◆ About this exercise: Set down the entries below exactly, leaving out all images.

◆ Records for the task:

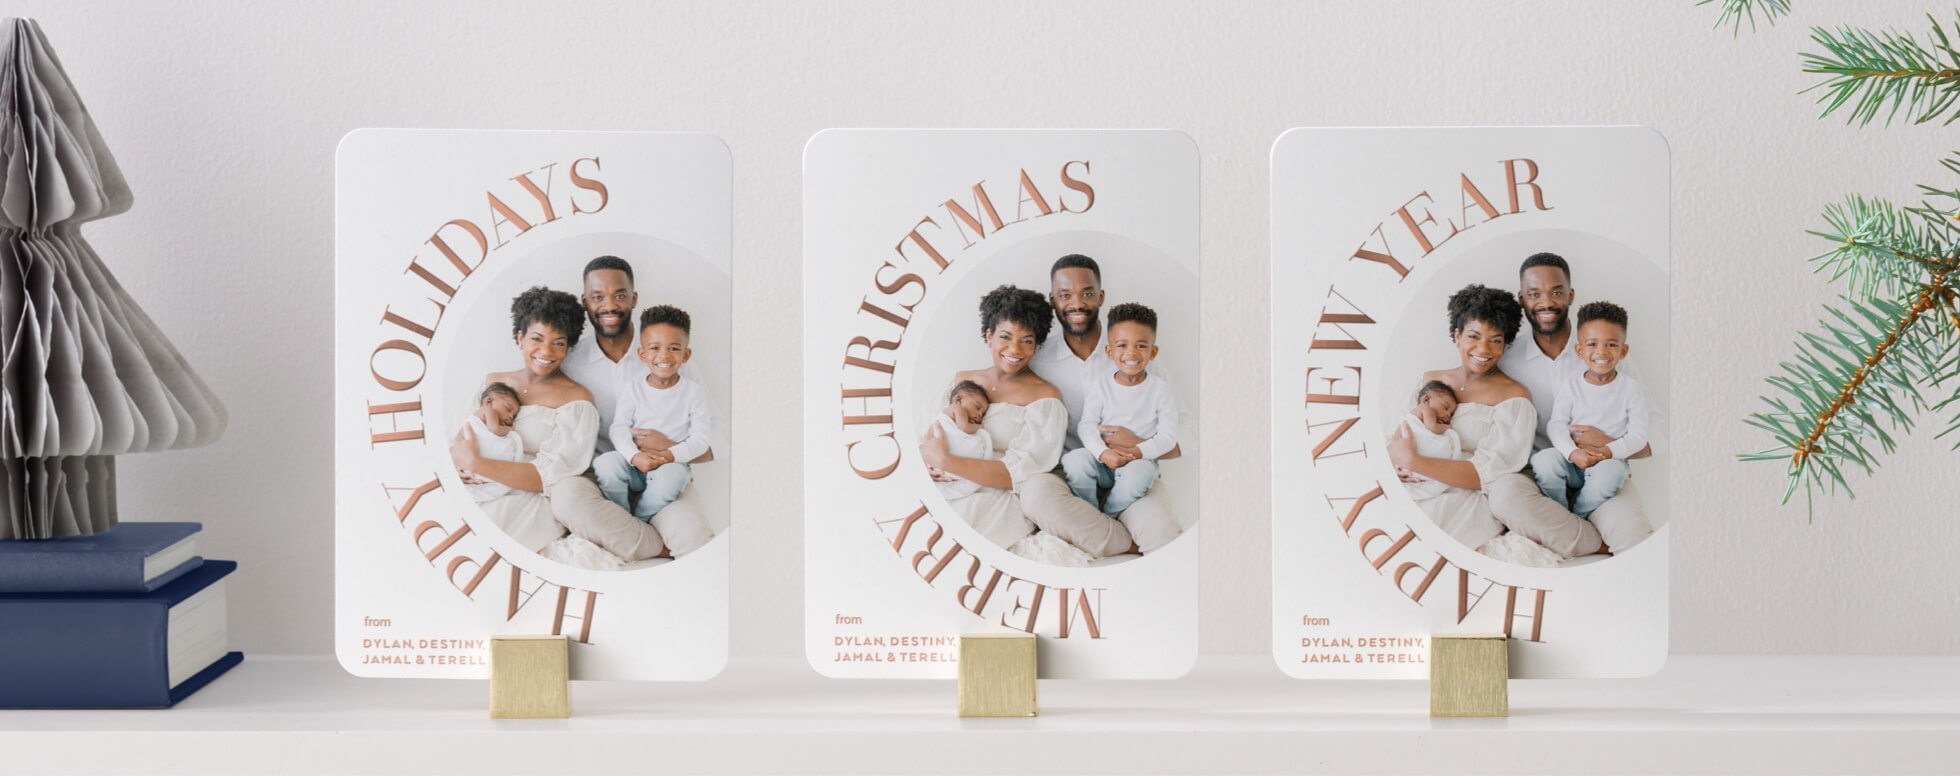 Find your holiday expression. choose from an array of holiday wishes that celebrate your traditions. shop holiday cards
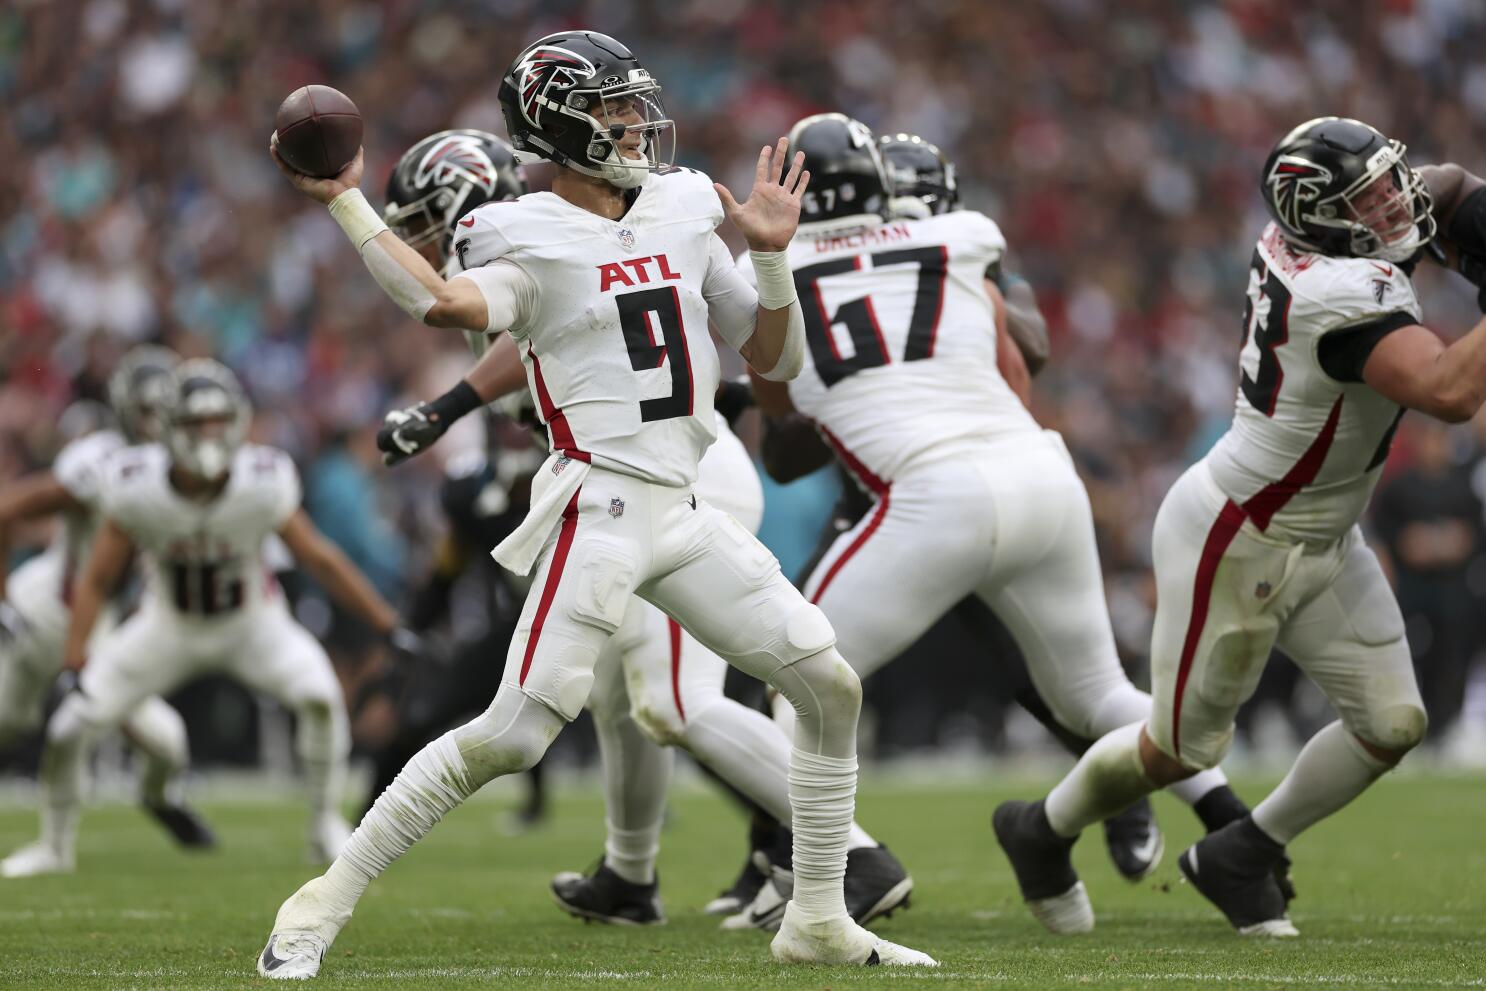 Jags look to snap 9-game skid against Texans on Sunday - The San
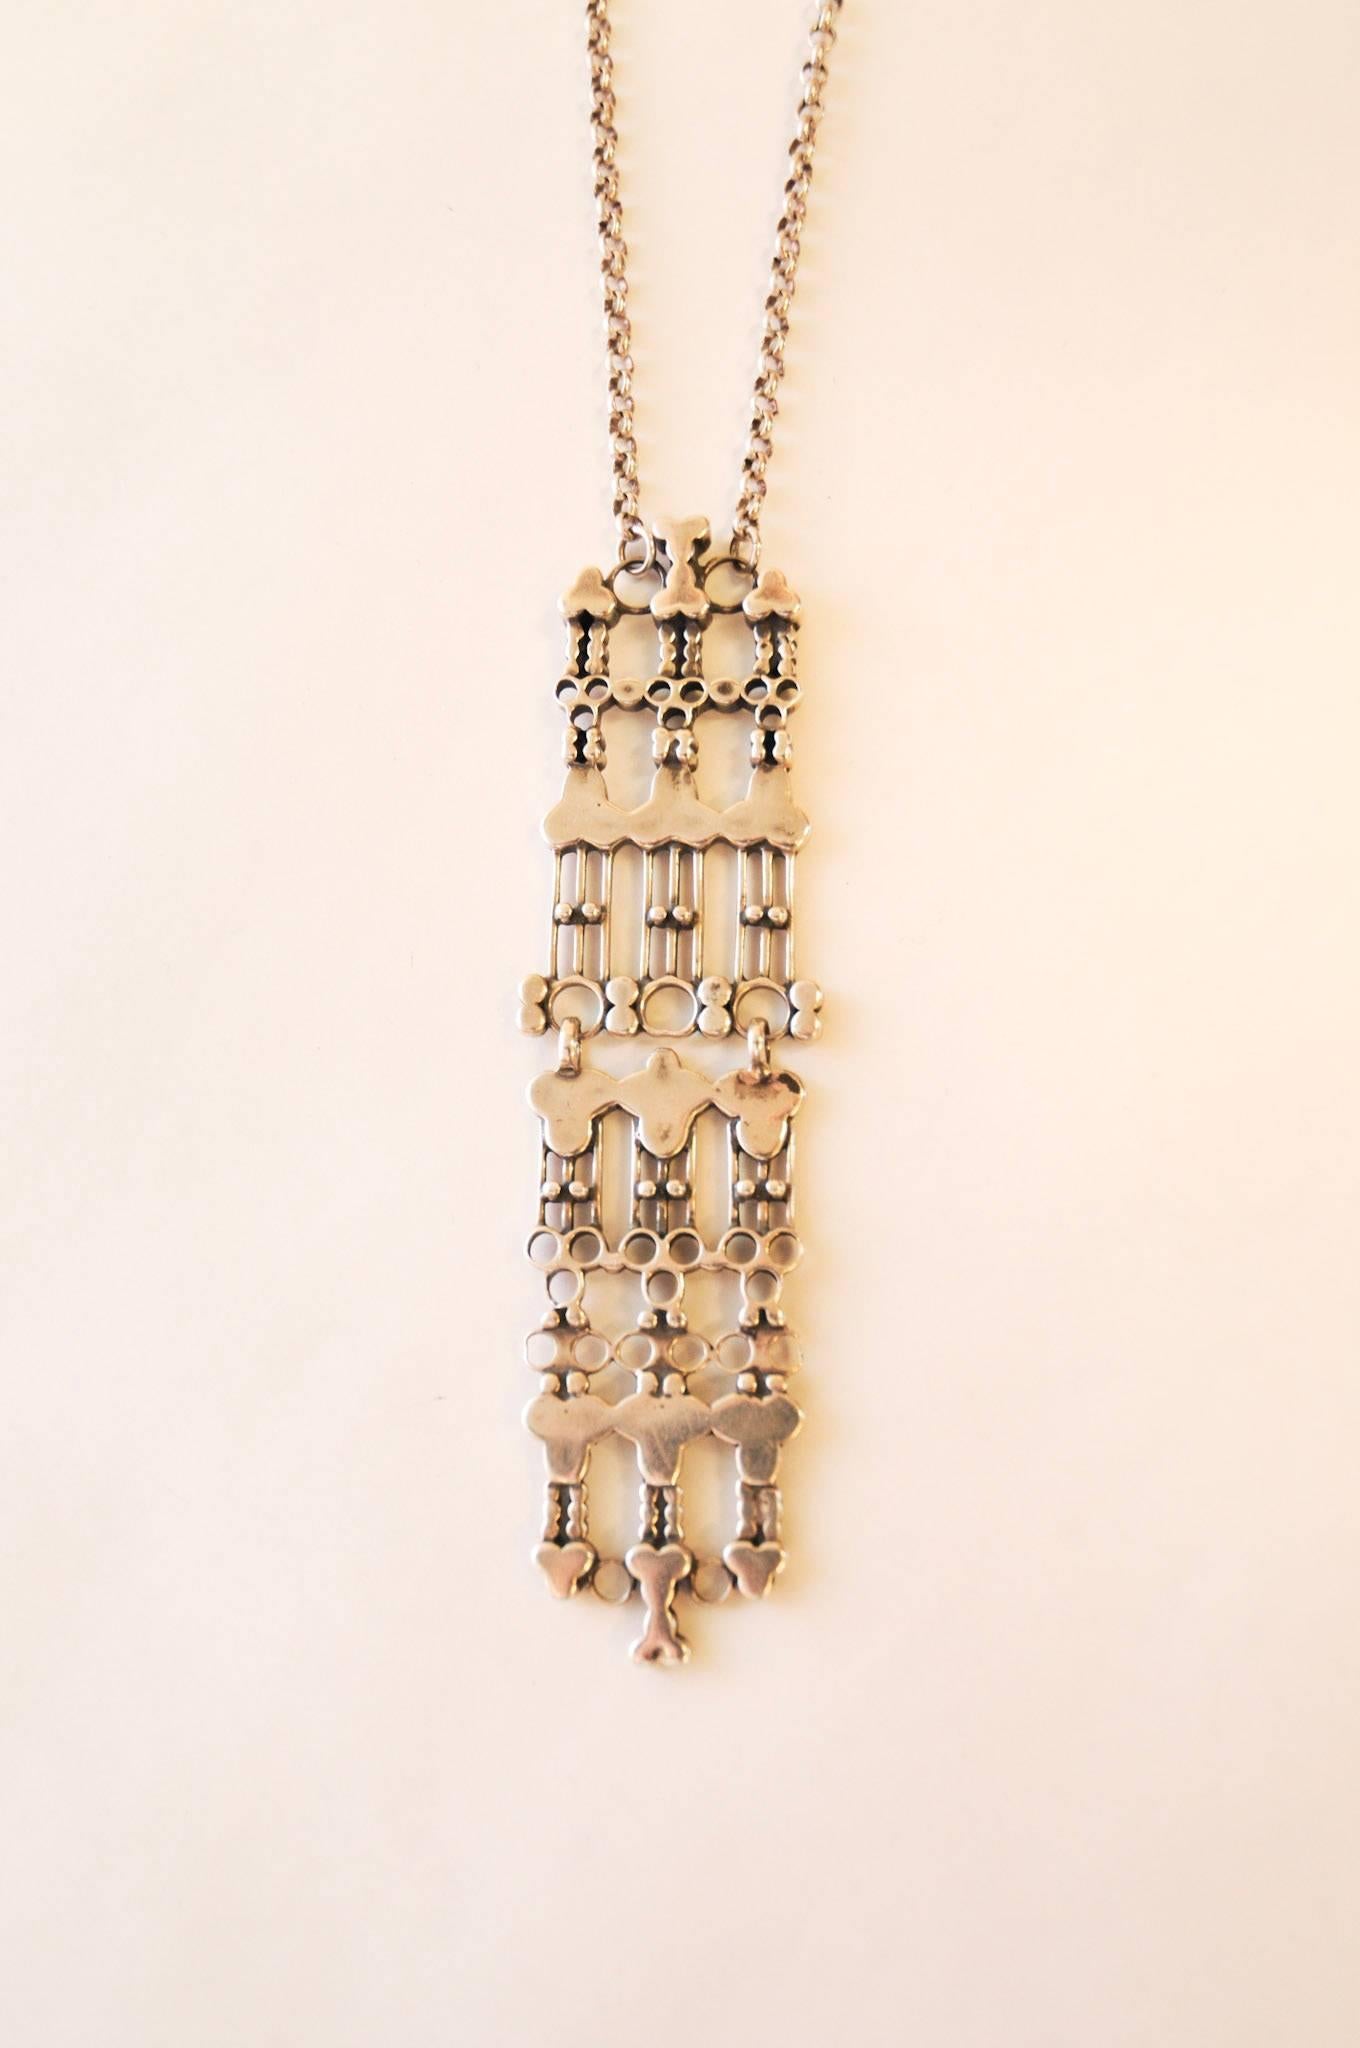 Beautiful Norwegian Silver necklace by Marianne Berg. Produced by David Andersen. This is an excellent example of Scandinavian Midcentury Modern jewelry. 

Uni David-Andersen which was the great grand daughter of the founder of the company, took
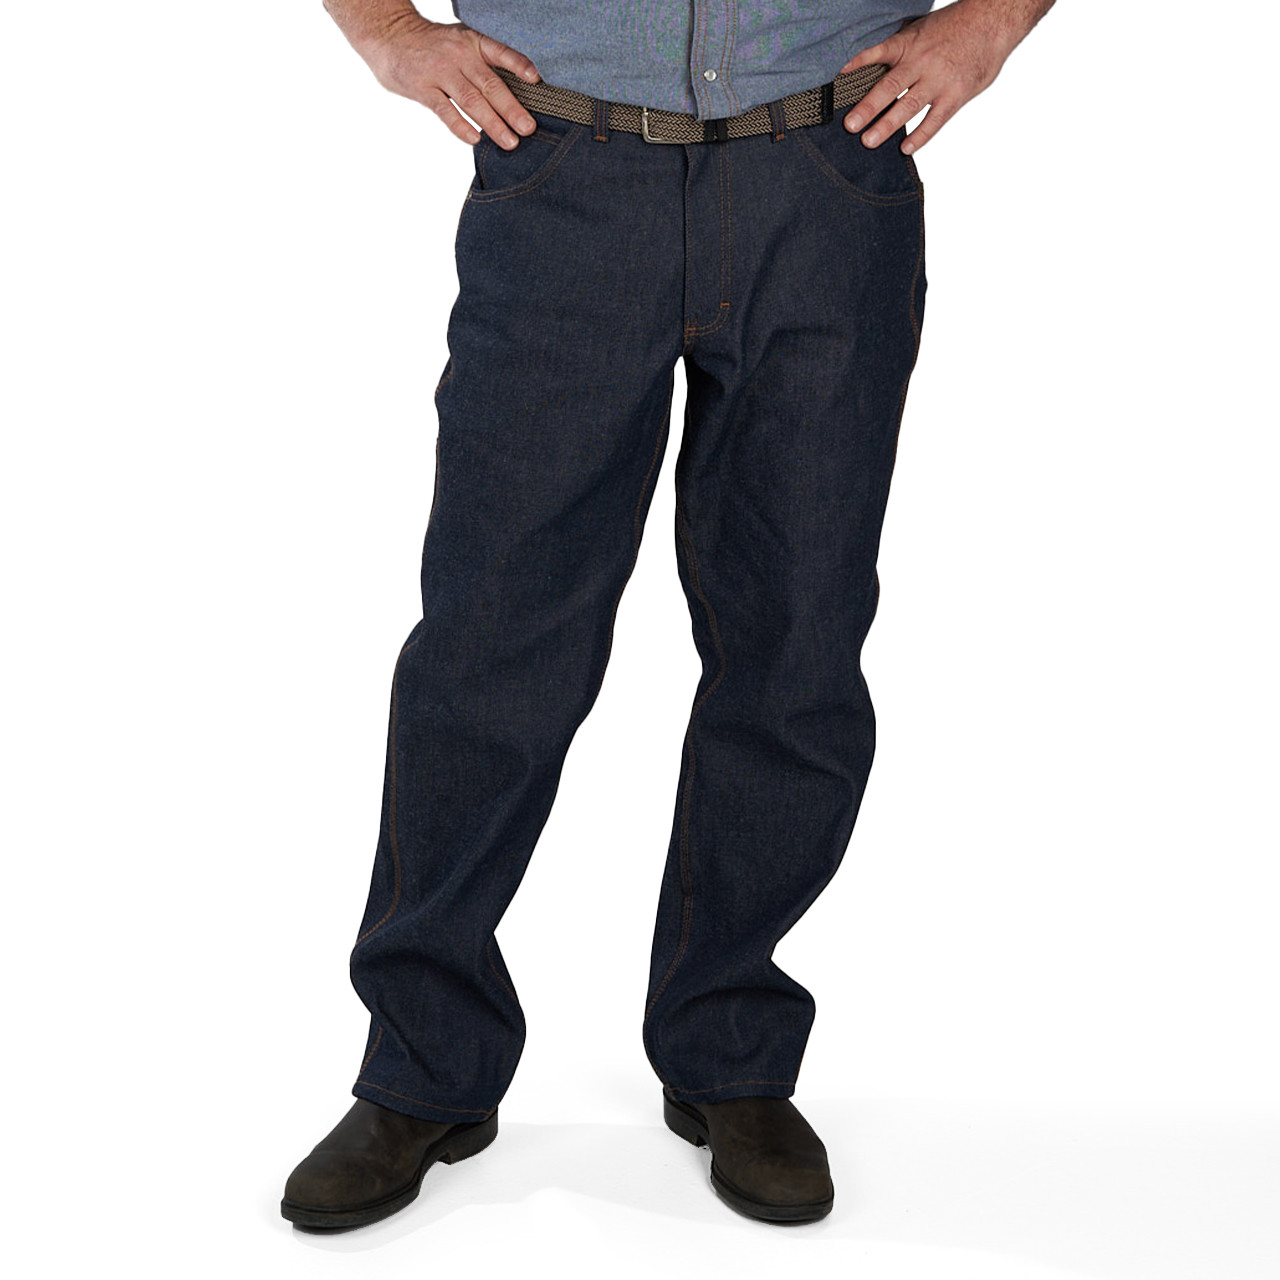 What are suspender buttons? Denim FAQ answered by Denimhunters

◆ Output for this task:
 Find your holiday expression. choose from an array of holiday wishes that celebrate your traditions. shop holiday cards
 Jags look to snap 9-game skid against Texans on Sunday - The San
 Beautiful Norwegian Silver necklace by Marianne Berg. Produced by David Andersen. This is an excellent example of Scandinavian Midcentury Modern jewelry. 

Uni David-Andersen which was the great grand daughter of the founder of the company, took
 What are suspender buttons? Denim FAQ answered by Denimhunters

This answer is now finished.